Anyway, there are six main events observed throughout the Diwali celebrations. All these days are celebrated according to the Hindu calendar. The first day is where the cow is worshipped. The second day is when people buy new utensils. The third day is when Hindus rise before the crack of dawn to take an oil bath and wear new clothes. Lamps are lighted and the Goddess Lakshmi is worshiped on the fourth day. The fifth day is when the men present gift to their wives. The fifth day represents the triumph of Krishna’s victory over the demon Bali. The sixth day is a day recognizing the special bond between brothers and sisters. This day is in honor of the God Yam (lord of death) and his sister.
In southern India, especially in Andhra Pradesh, firecrackers are lit and gifts of sweets are given to the children. The women of the house also create Kolams, which is a form of sandpainting done by rice powder. It’s thought that making these floor paintings near the entrance of the home will bring prosperity to the household. In Gujarat, since Diwali is considered the last day before the start of a new year on the Hindu calender, neighbors give gifts of fresh fruit and go to the temple to pray. Some people go to the temple to protect themselves against black magic.

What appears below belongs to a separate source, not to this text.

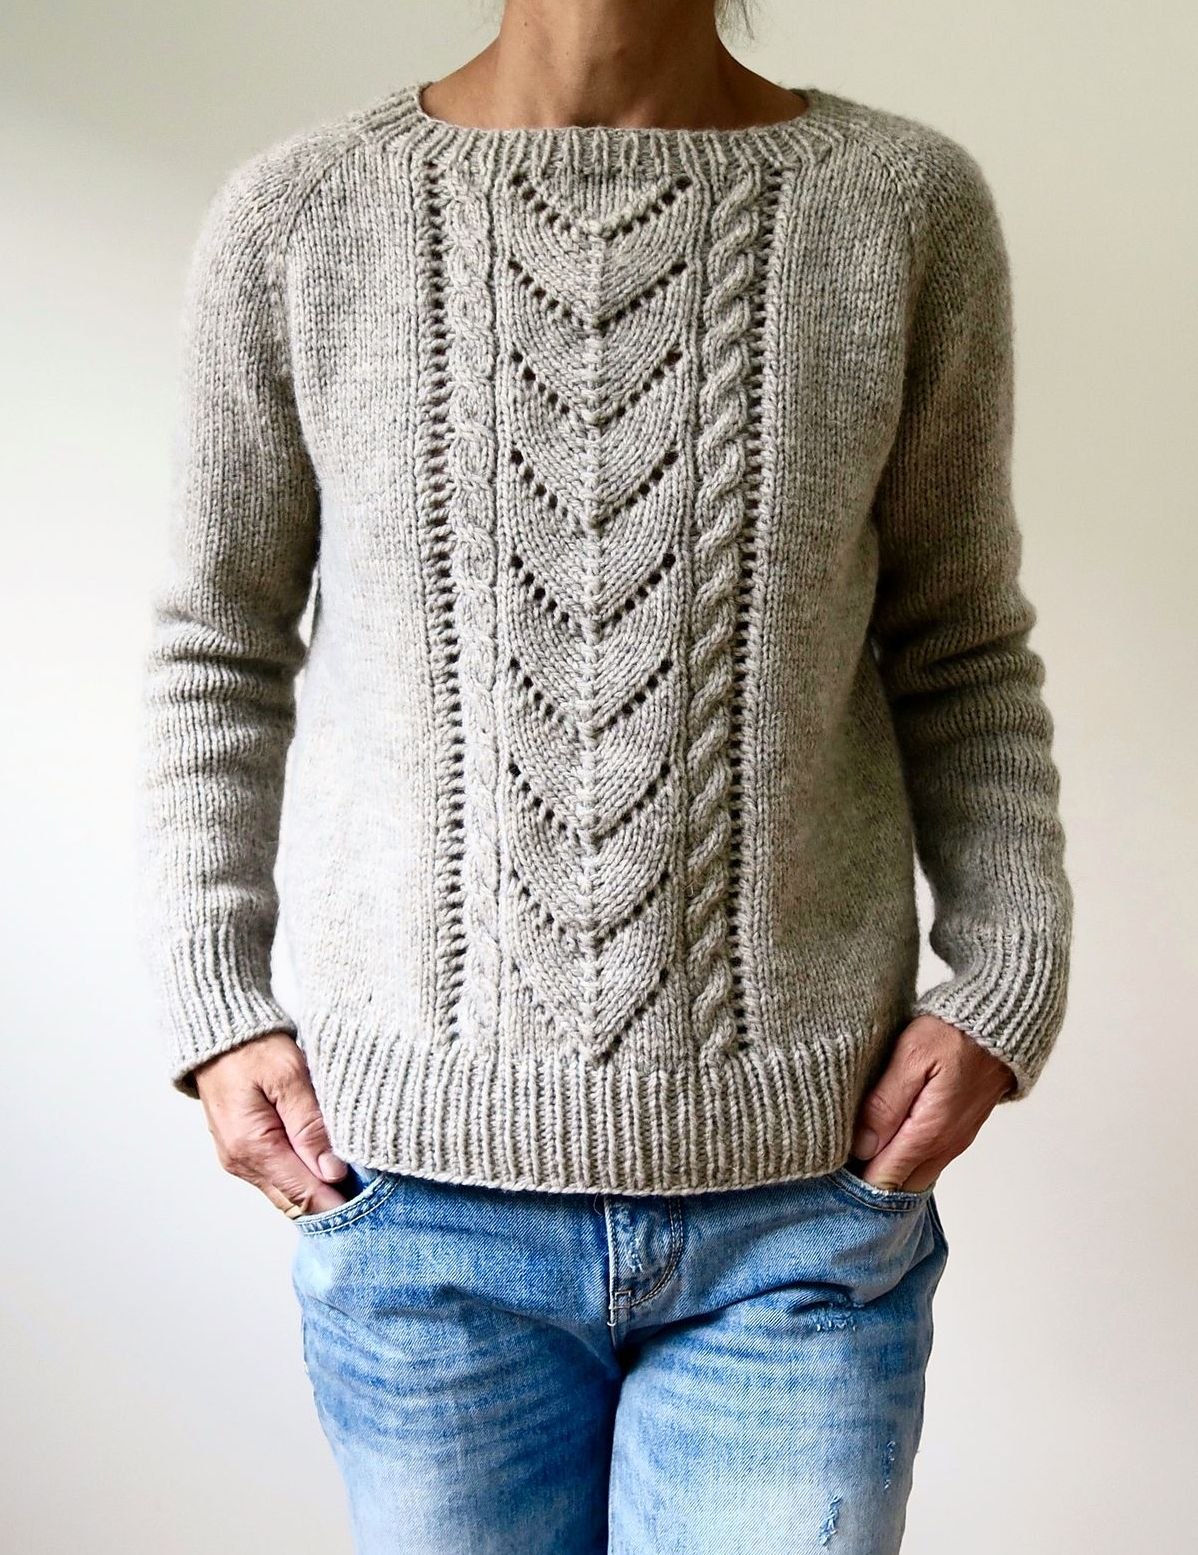 Джемпер реглан. Пуловер реглан Avalanche. Узор для свитера. Вязаный свитер реглан. Свитер с центральным узором.

In Bombay the traders do not make any payments in the Bombay Stock Exchange, but a token bidding is performed. In Bengal, people light candles in memory of their deceased ancestors. In Goa, berries are crushed with one’s bare feet to symbolize the killing of Narakasura. Next year the Diwali celebrations will fall around November 5th on the solar calendar. I encourage everyone to make an effort to take a trip to India and experience the bright and interesting cultural celebrations that India has to offer. Maybe I’ll see some of you there next year!